Вместо этого я брала на себя все больше и больше обязанностей в загоне, в то время как бабушка оставалась в доме и выходила только помочь мне с тяжелой работой. Она утверждала, что ведет счета и платит налоги, но чаще всего, когда я возвращалась со двора в конце дня, то находила ее сидящей за столом, в заботе в основном не о документах, на которые бабушка лишь бессмысленно смотрела, а о стакане виски. Я спрашивала, что случилось, она отвечала: все в порядке, – но бизнес шел как обычно, так что делами она, видимо, все-таки занималась.
За несколько месяцев до смерти бабушка Хелен стала рано ложиться спать и поздно просыпаться. Когда тетя Кристина с девочками приезжали на ужин, бабушка аккуратно причесывалась и садилась со всеми за стол, но всегда витала мыслями в облаках, отрешенно потягивала свой виски и, несмотря на веселый переполох, который устраивали мои двоюродные сестры, находилась с нами только телом.
В тот период бабушка выглядела довольной, только когда выходила по утрам здороваться с птицами.

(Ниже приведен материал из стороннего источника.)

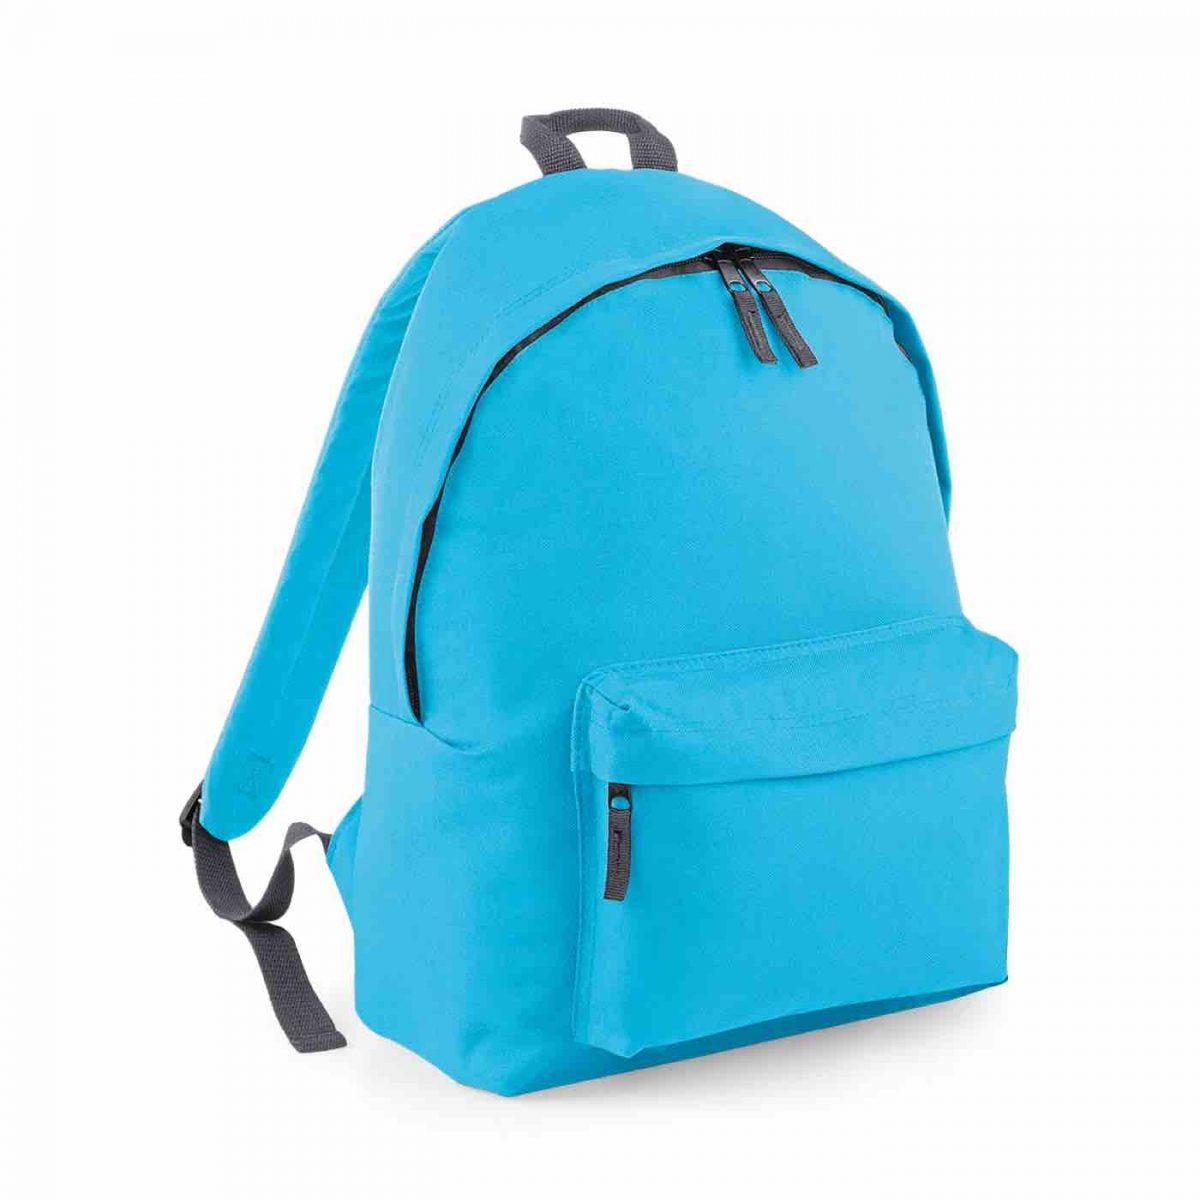 Surf Blue Back Pack

При ее появлении Леди Лил высоко вскидывала свои огромные крылья и торопилась поприветствовать хозяйку, и бабушка Хелен, улыбаясь, подходила к загону, чтобы повидаться со старой подругой.
Эта искра давала мне надежду. Я думала, что мой отъезд заставит ее снова работать в загоне с птицами, поможет ей выйти из состояния апатии, но возможности осуществить мое намерение так и не представилось.
Я все еще думала о бабушке Хелен, когда пикап накренился. Раздался громкий хлопок, и передний бампер справа внезапно рухнул на землю. Уши резанул ужасный скрежет металла по дороге, и в боковое стекло я увидела фонтан искр. Схватившись за руль обеими руками, я сильно дернула его, вывернув машину на обочину. Она затормозила и остановилась.
Я сидела, застыв, за рулем, глядя, как в свете фар вокруг пикапа поднимается пыль. В голове снова всплыло слово «авария». Автомобили на дороге ломаются сплошь и рядом.
Живот свело, я почувствовала желчь во рту и открыла дверцу, ожидая, что меня вырвет, но тошнота отступила. Пошатываясь, я вылезла из пикапа и положила руки на капот, чтобы унять головокружение и сориентироваться. Метрах в четырехстах впереди светился в темноте, как маяк, белый знак с надписью «Ранчо „Уишбон“». По крайней мере, я застряла недалеко от дома.
Я достала из бардачка маленький фонарик и, направив луч на колесо, увидела, что колесо с лысой покрышкой сорвало с оси и вмяло в колесную арку. Со спущенной шиной я бы справилась, но это повреждение было мне не по зубам. Огладывая горизонт, я вздохнула. Совсем близко от меня, сверкнув бледными крыльями, с неба упал филин, схватил с земли какое-то маленькое несчастное существо и улетел прочь.
Мне не очень хотелось оставлять пикап на шоссе на ночь. Угона я не боялась, но недавно у нескольких сотрудников Девона украли с припаркованных у завода машин задние борта кузовов, и еще я знала, что некоторые запчасти автомобиля представляют для воров ценность.
Мне требовался буксир. К счастью, у Рубена Мартинеса имелся эвакуатор. К тому же сосед настаивал, чтобы я ему позвонила, если понадобится помощь. Обрадованная этой мыслью, я достала телефон, но приема не было: я находилась далеко от города. Придется звонить с фермы.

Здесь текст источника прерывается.